Reading on to your later commands — the feature-table filter-features in the last step will not work, because you cannot use a feature table as metadata. Please check out this forum post for details on how to create a feature metadata file from your feature table that you can use here. There is an open issue to streamline this step so that you don’t have to do this extra work presented in the post, but for now that is the best option.

Hope that helps! :t_rex:

Hi @thermokarst,

You're right! The blank-library-sequences.qza is empty! I've done what you suggested and it's working now.

There's one more problem, though.

As discussed in another thread, filtering all the sequences in the negative controls is not a good idea as there might be cross contamination from biological samples. As such, it's best to carefully check the sequences present in the negative controls before we proceed to filtering.

Initially, I decided to filter the following 4 taxa based on their prevalence in the negative controls, mock and biological samples:

Yet, when checking the blank-library-contaminant-sequences.qzv (333.2 KB)
, I found 68 features assigned to these 4 obvious contaminant taxa. In particular, some features assigned as Halomonadaceae were found in samples but not in the negative controls, indicating that I've filtered real features from the samples.

Therefore, filtering contaminant sequences using feature ID is probably a better way. I tried to fetch a feature table file (csv or tsv) displaying the count of features in different samples, like the taxonomy table (DADA2-level-7.txt (155.2 KB)) that can be downloaded fom the visualization of taxa-bar-plots. However, the 'Frequency per feature detail.csv' file only gives the total count of each feature. How can I get the distribution of features across different samples?

1 Like

Hi @yanxianl!

Have you had a chance to review my earlier post?

The link there details a workaround for creating the feature metadata file necessary for filtering.

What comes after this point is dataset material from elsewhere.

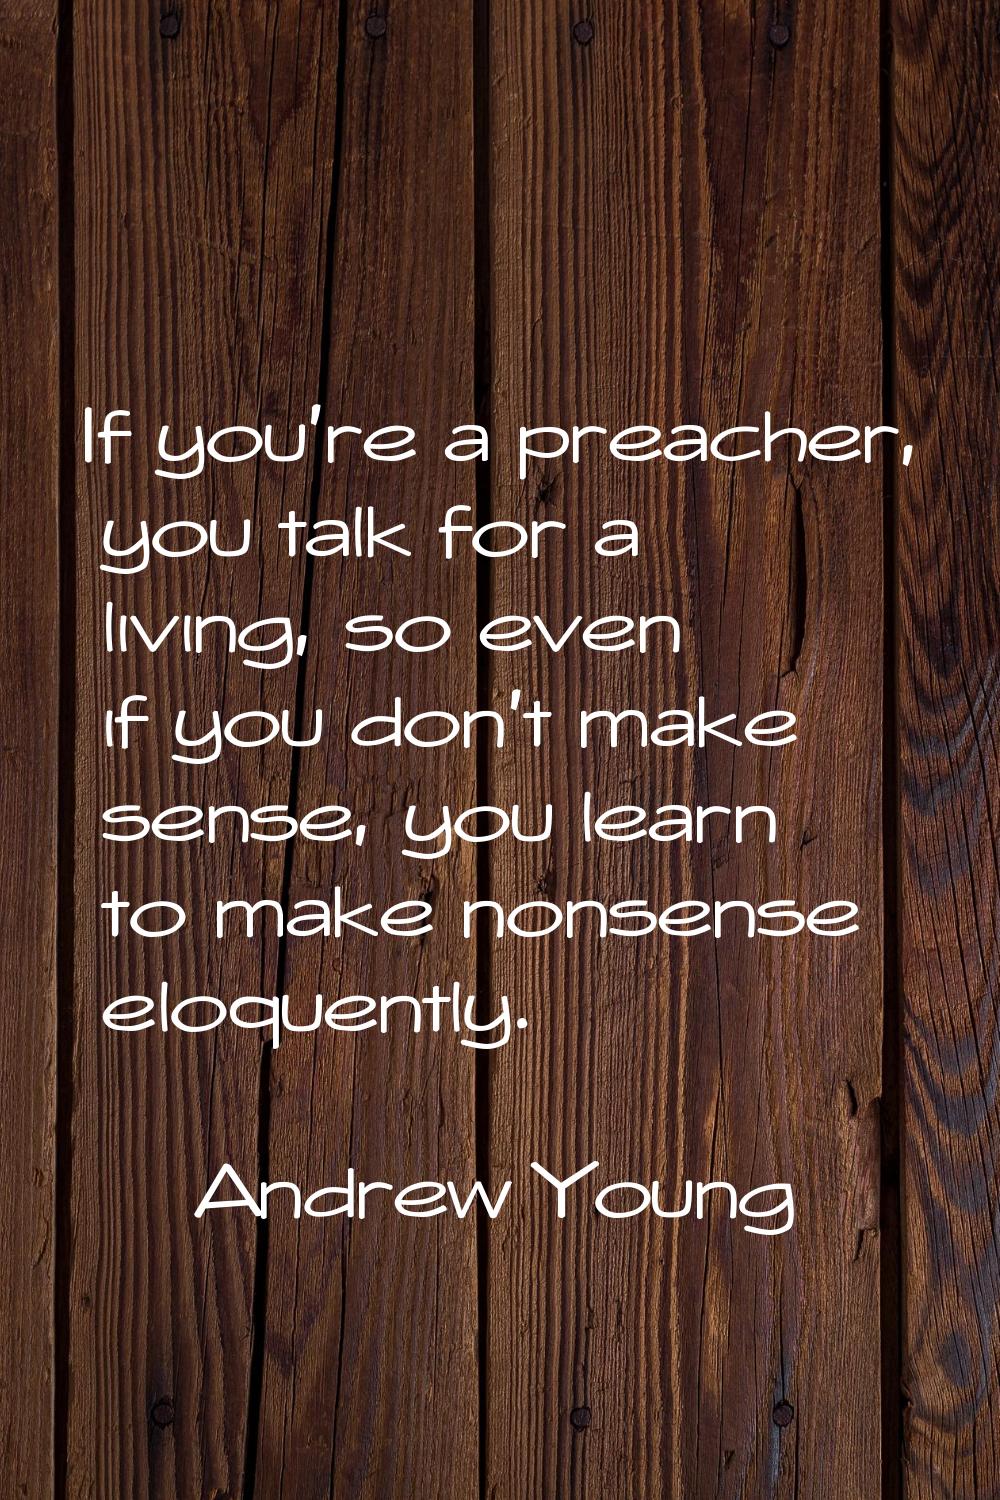 If you're a preacher, you talk for a living, so even if you don't make sense, you learn to make non

I don’t quite follow where or why you are trying to do this, but, at this point the only way you could do that is by filtering your feature table down to one sample, once for each sample in your study (n samples => n 1-sample feature tables). Then, the summarize command will give you the distribution of features in that one sample.

Hi @thermokarst,

I’ve read your earlier post and learnt how to filter the rep-seq.qza based on feature table.

The reason I want to know the count of features in different the samples is that I want to identify the contaminant sequences and filter them from the feature table. Previously, I did that based on the taxonomic composition at species level but I found it inappropriate. Filtering the exact features identified as contaminant sequences is the correct way. I think it can be done by exporting the feature table as biom file and then convert it to text file.

Thank you for your help!

That is one way to do it, but the post I linked to above provides the same results, entirely within QIIME 2. Either way, you should be set!

QIIME 2 2017.12 is now out and includes the option to now use a feature table’s feature IDs to filter with as part of filter-seqs! This makes this filtering process much simpler!

This topic was automatically closed 31 days after the last reply. New replies are no longer allowed.